C'est facile de détester un personnage méprisable dans une histoire.
Ici, on est confronté à une énumération de vices et de tortures cauchemardesques qu'un supérieur dépravé inflige à un candidat lors d'un entretien d'embauche. On pourrait y voir une sorte de métaphore du monde du travail. Peut-être.

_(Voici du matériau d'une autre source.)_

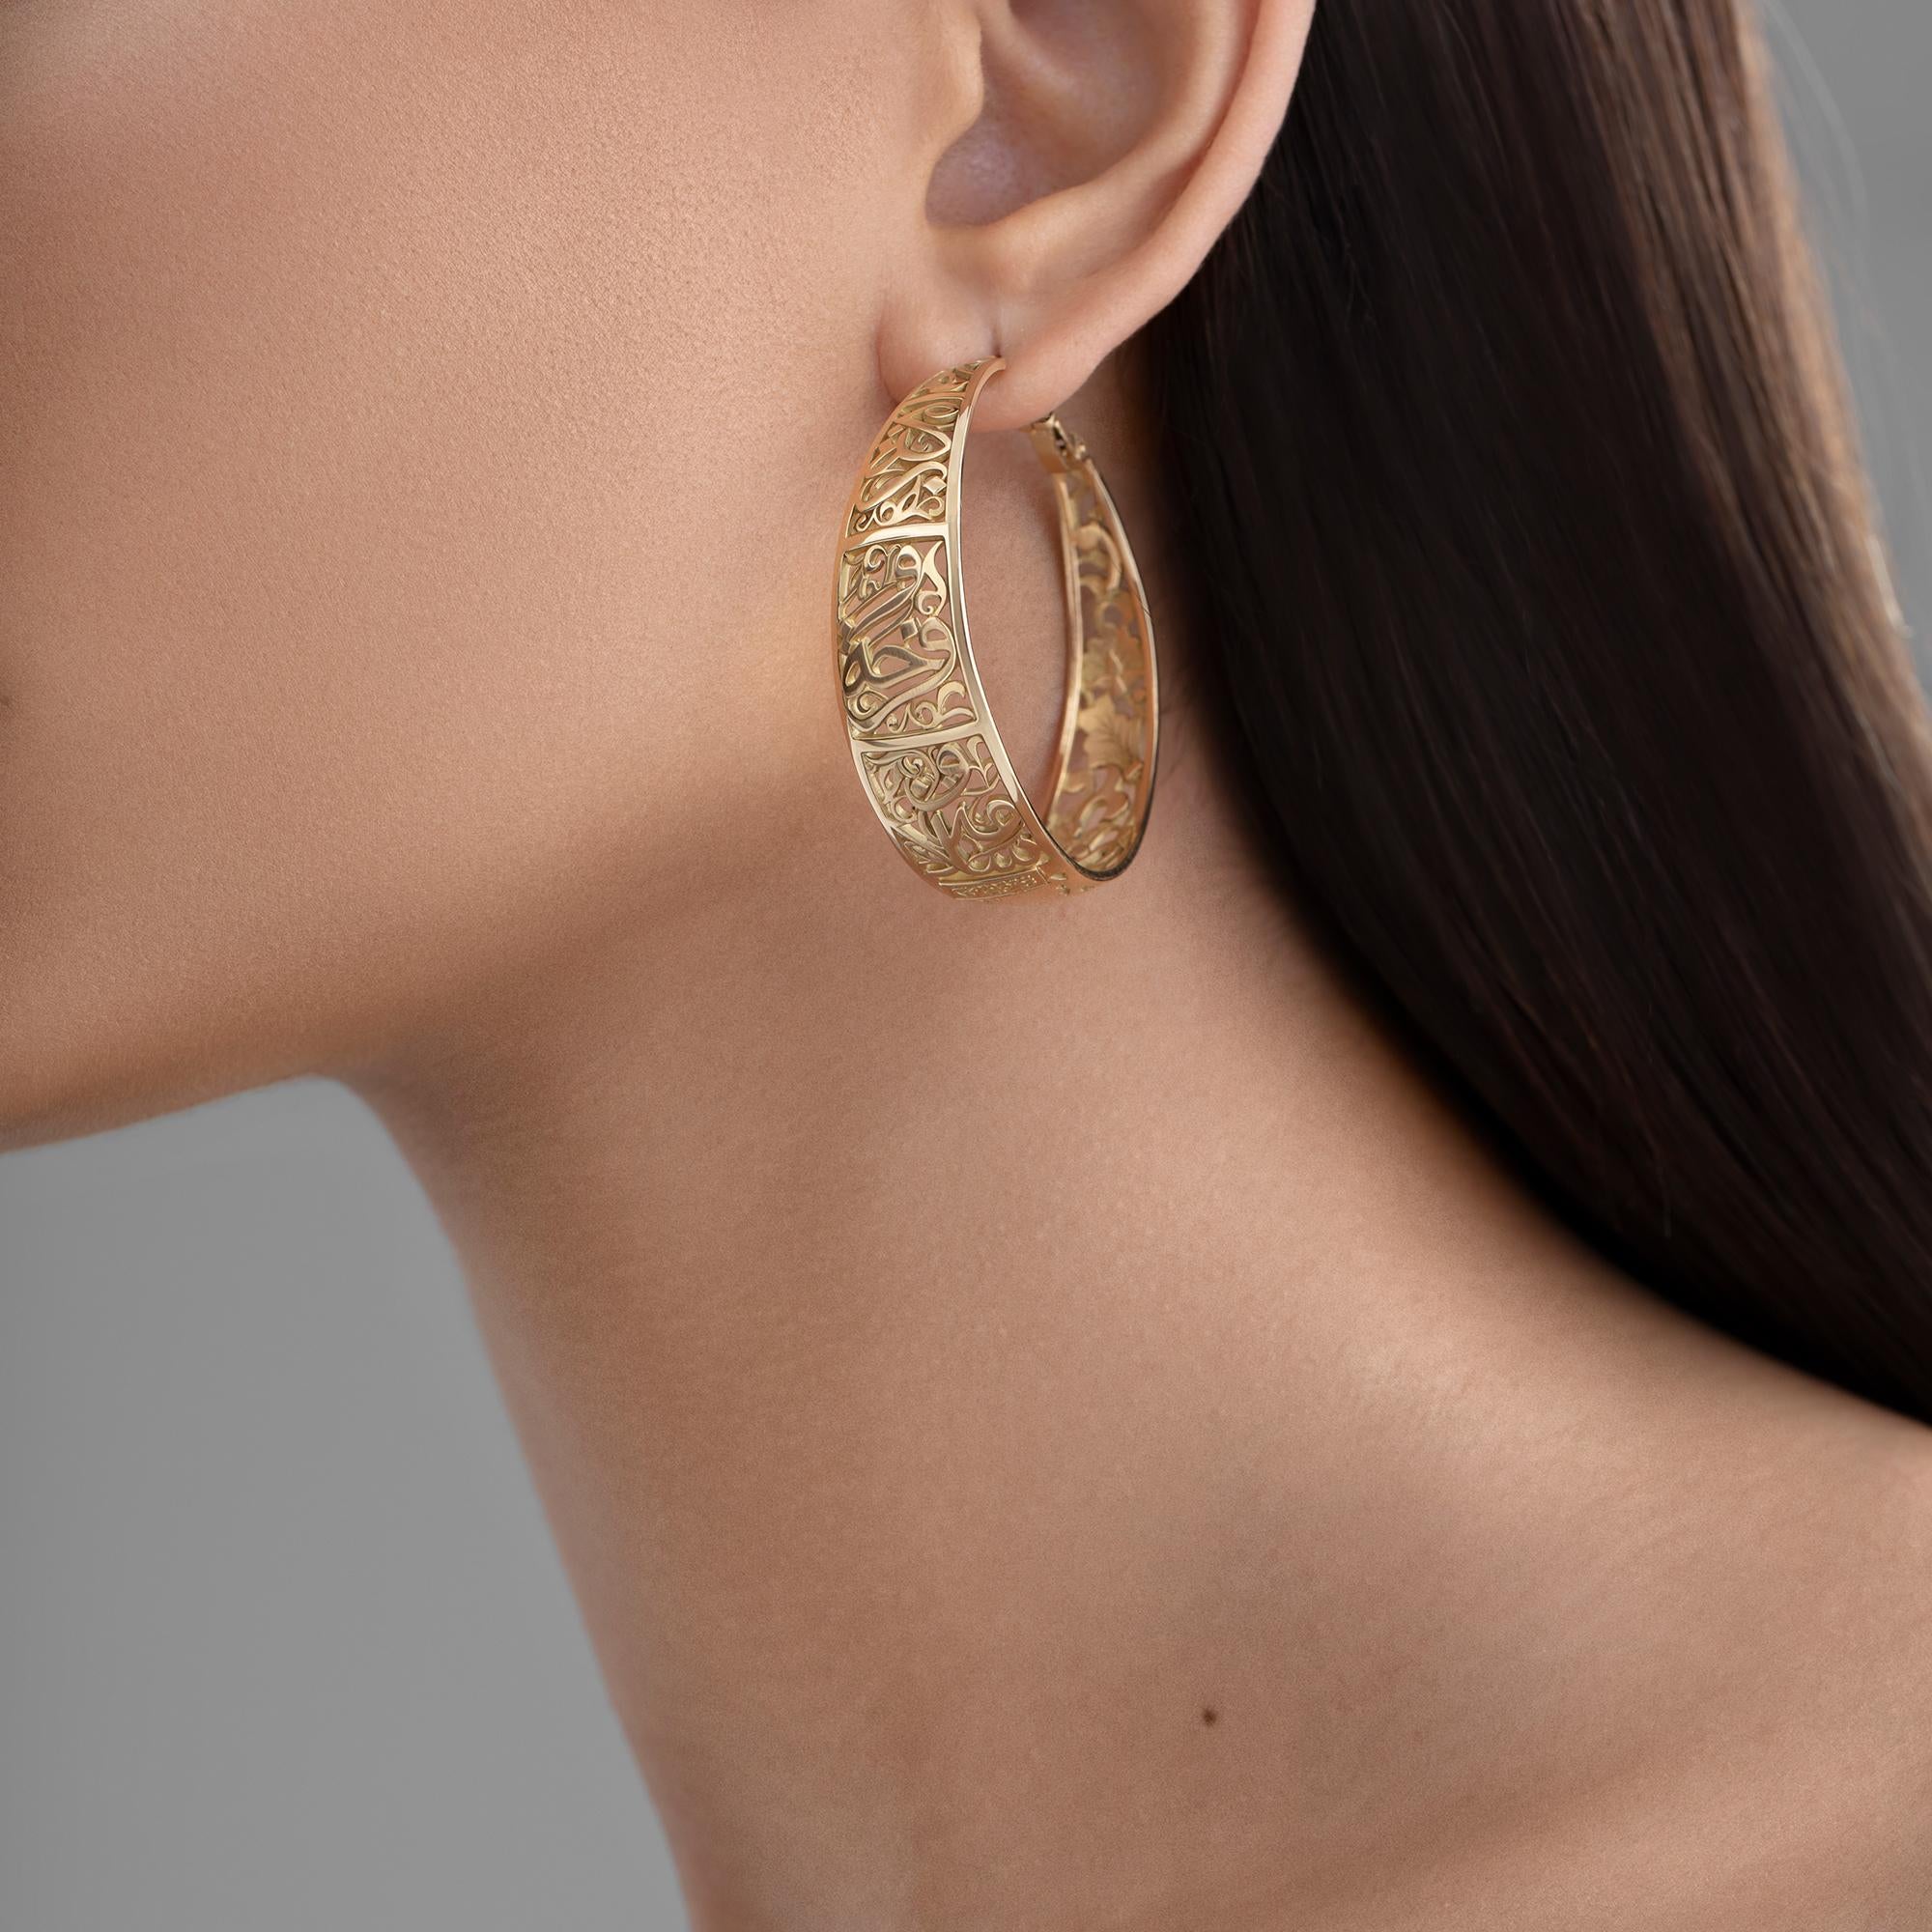 18 Karat Gold Hoop Earrings handcrafted with hand-pierced floral motifs and calligraphy. From Azza Fahmy's Tribal collection, celebrating the nomadic Amazigh tribes people of Northern Africa.

Tribal-inspired earrings with hand-pierced floral motifs

J'avoue avoir eu du mal à supporter ces supplices, au point que j'ai dû abandonner le récit une première fois. Je me suis demandé : est-ce que ce seront quatre-vingt pages de tortures ? Aucun intérêt.
Mais, vous savez, cette curiosité qui me ronge, comme dirait Brian Evenson :"La curiosité est vraiment quelque chose d'affreux, songeait-il. Comment peut-on s'empêcher d'avoir envie de savoir?"
Je voudrais savoir pourquoi cette nouvelle a reçu de bonnes critiques, il doit y avoir un fond de réflexion ou un renversement surprenant.
Combien d'auteurs sont parvenus à me faire apprécier un bourreau, un personnage détestable, au point que l'introspection m'a poussé à déplacer mon curseur sur l'échelle de l'éthique ? Alors, je tente de nouveau l'expérience douloureuse.
J'avoue qu'en réalité, lors de cette seconde lecture, je survole ce premier chapitre comme j'ai pu regarder certaines scènes d'Hostel en avance rapide.
Puis vient le second chapitre et la chute de l'histoire.
...
Cette chute, m'oblige à retourner une troisième fois sur le chapitre de la torture et là, je me dis : « Wouah, l'auteur a réussi à faire quelque chose d'unique… Bravo. »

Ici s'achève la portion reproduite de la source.